Hope can blind us from the truth. Hope can turn on all of our filters. Hope can make us unaware of the grizzly that is waiting for us in the tar pit that we are heading to. Hope can make us unaware about the fact that we are heading for that tar pit. Hope can influence the metrics that we measure to justify our decisions.
What does “scaling” mean?
I think we have to re-think what “scaling” means in the context of agility. Traditionally scaling meant that we put 5000 people instead of 50 on a problem that is 100 times larger than the 50 people problem, and have it solved. Unfortunately this is a trap. The trap lies in thinking that scaling simply means any ratio of “problem size” to “body count”. Most of the times I have seen a linear fallacy attached to that: thinking that there is a 1:1 ratio involved.
So, when it comes to agility, how should we define “scaling”? Agility is meant from the viewpoint of business value, from the customer point of view. For a customer, what counts is “how fast can you ship this thing to me so that I will have less problems sooner for less money?” From a company’s perspective – in the traditional sense – “scaling” means something else: “how can we solve this more complex problem with the more complex hierarchy that we have in place?”; “we estimated this problem in the range of 50 times that problem. How can we solve this problem with 50 times the people cost in there?”
And I think there lies the real underlying problem, the problem with yesterday’s thinking. We try to scale agile by “scaling” by the amount of estimation that we made, and assume we need similarly scaled people to do the job. From the customer perspective we should ask how to change our organization so that we can deliver the solution to the customer problem sooner by spending less money? When it comes to scaling agile in the enterprise, unfortunately, I don’t see many answers to these kind of questions.
Scaling the majority
What does that mean for scaling agile in the enterprise? I think we have reached a point where more and more “enterprises” became attracted to the successes of agile software development form smaller companies. They now realize they need to change something.

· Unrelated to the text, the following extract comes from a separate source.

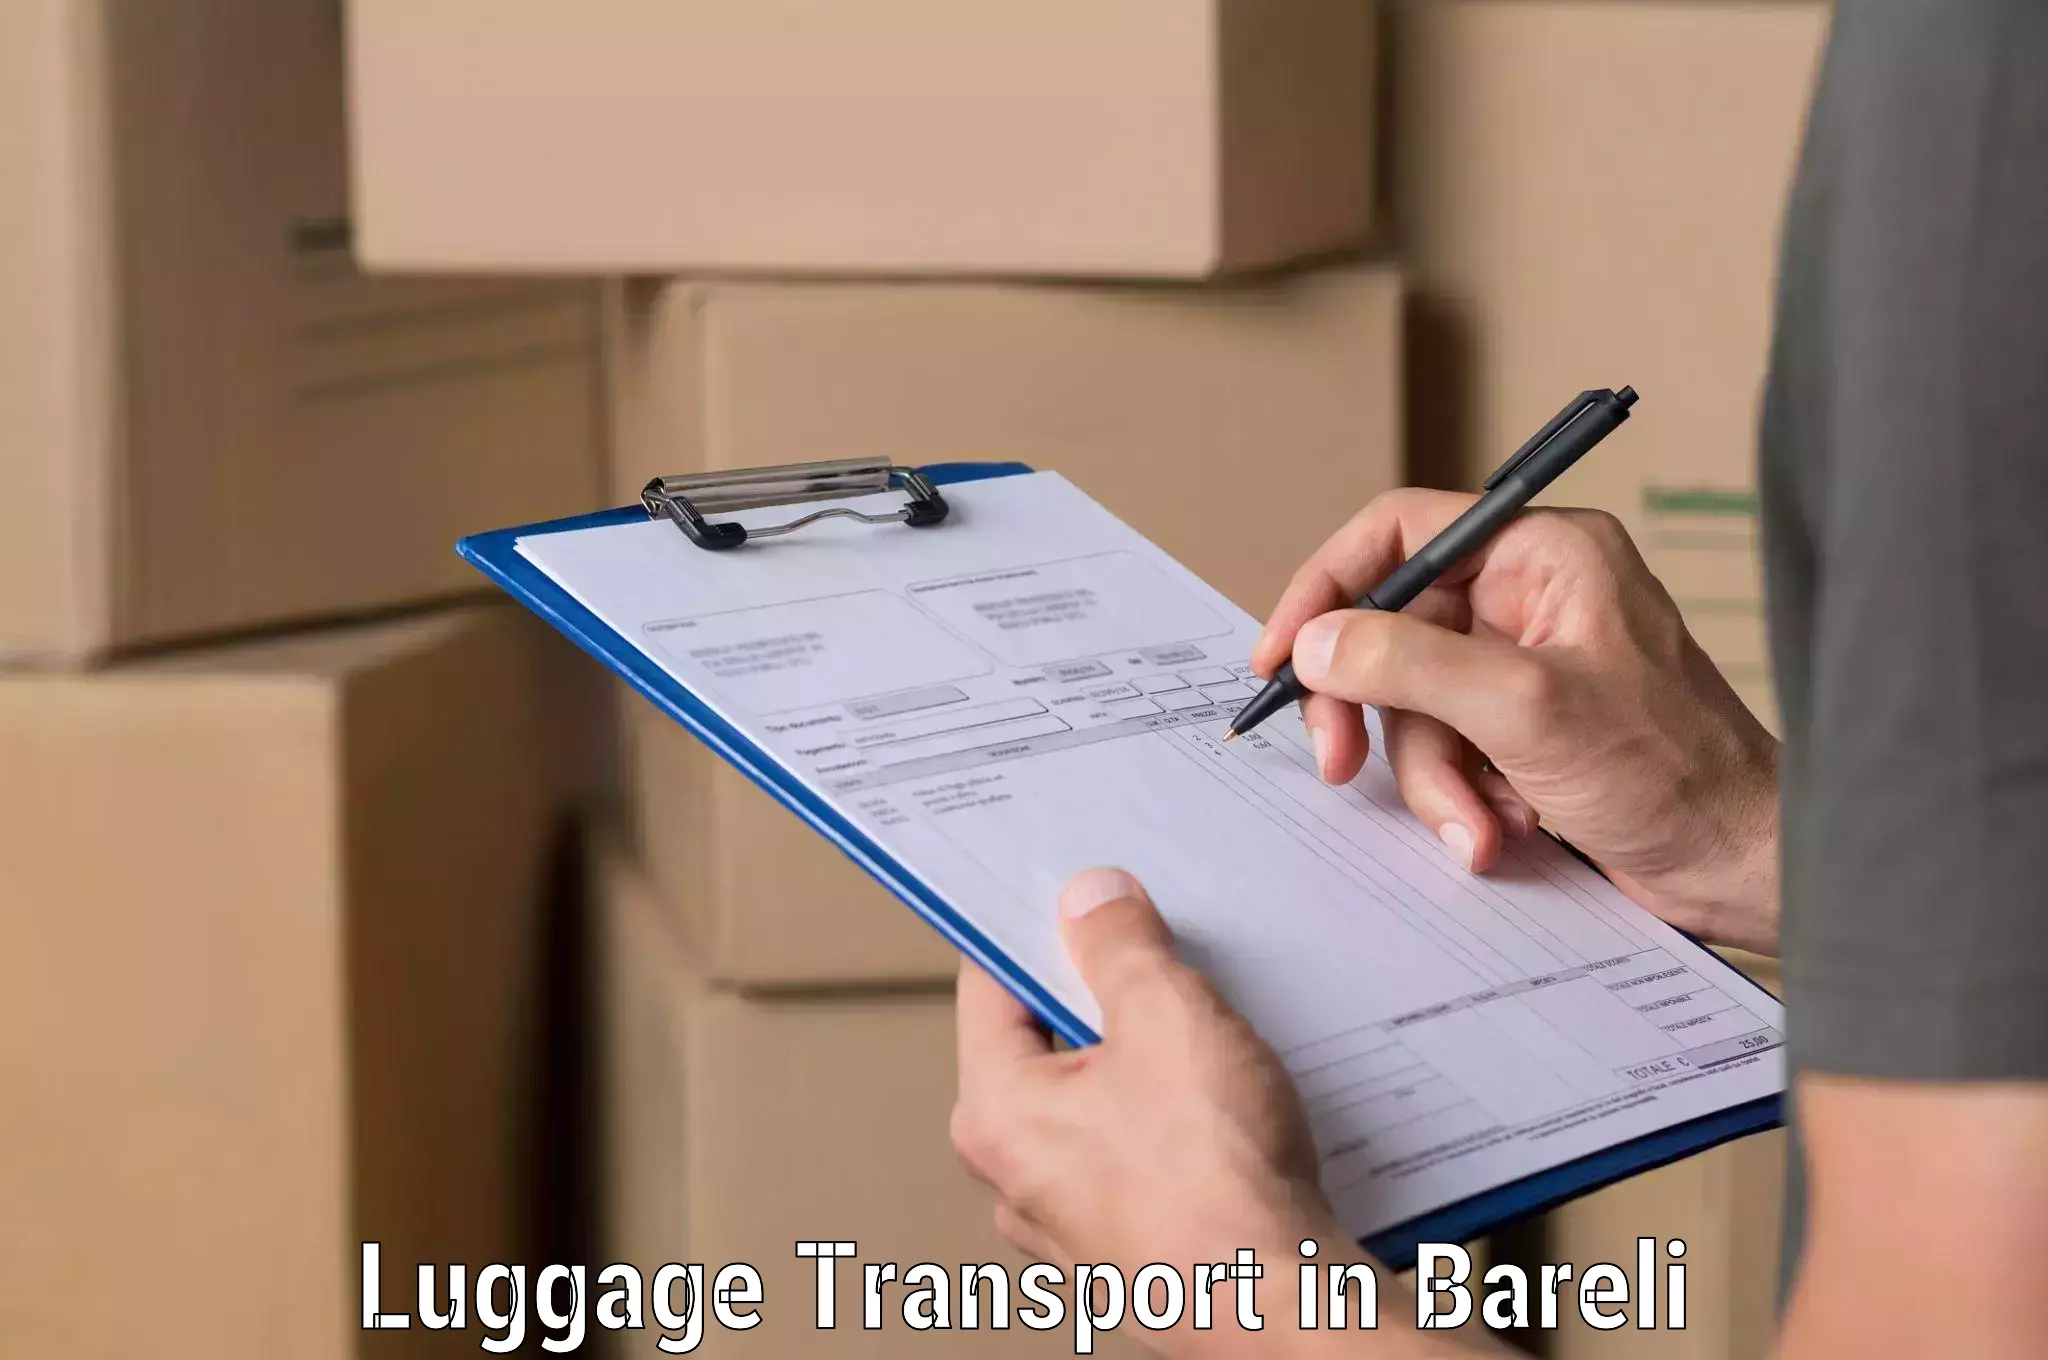 Baggage transport technology in Bareli

But keep in mind that this is most likely the conservative early or even late majority that adopts agile right now. That means that there are less conservative moves that company is taking. That means that the enterprise is more likely stuck with their thinking, and the underlying culture in the enterprises that adopt agile need a more dramatic shift towards leaner, more agiler methodologies – not more blown answers to problems they thing they have. And this is the real drag of current large-scale agile introductions.
There are more rules, because more people need to be governed without questioning the motivation behind governance to start with. There is more structure, and more hierarchy introduced together with the agile frameworks than should be necessary. Unfortunately the short-term changes introduced now will only reveal their outcomes in years to come in such enterprises. So it will take years before the last enterprise starts to stop cursing their agile adoption a failure. Unfortunately that warning will come as late as the next wave of new methodologies starts to raise.
I think we should not bother with “scaling agile” or large scale enterprise agility which should be disciplined because all that we lack surely is discipline. Instead we should wonder why we think we need such large enterprises to start with. Only then might we be able as a craft, as an engineering culture, as artists, and scientists to see behind the curtain that has been pulled over our eyes with terms like “scaling”, “enterprise”, and “agility”, and start to wonder how deep the rabbit hole really goes.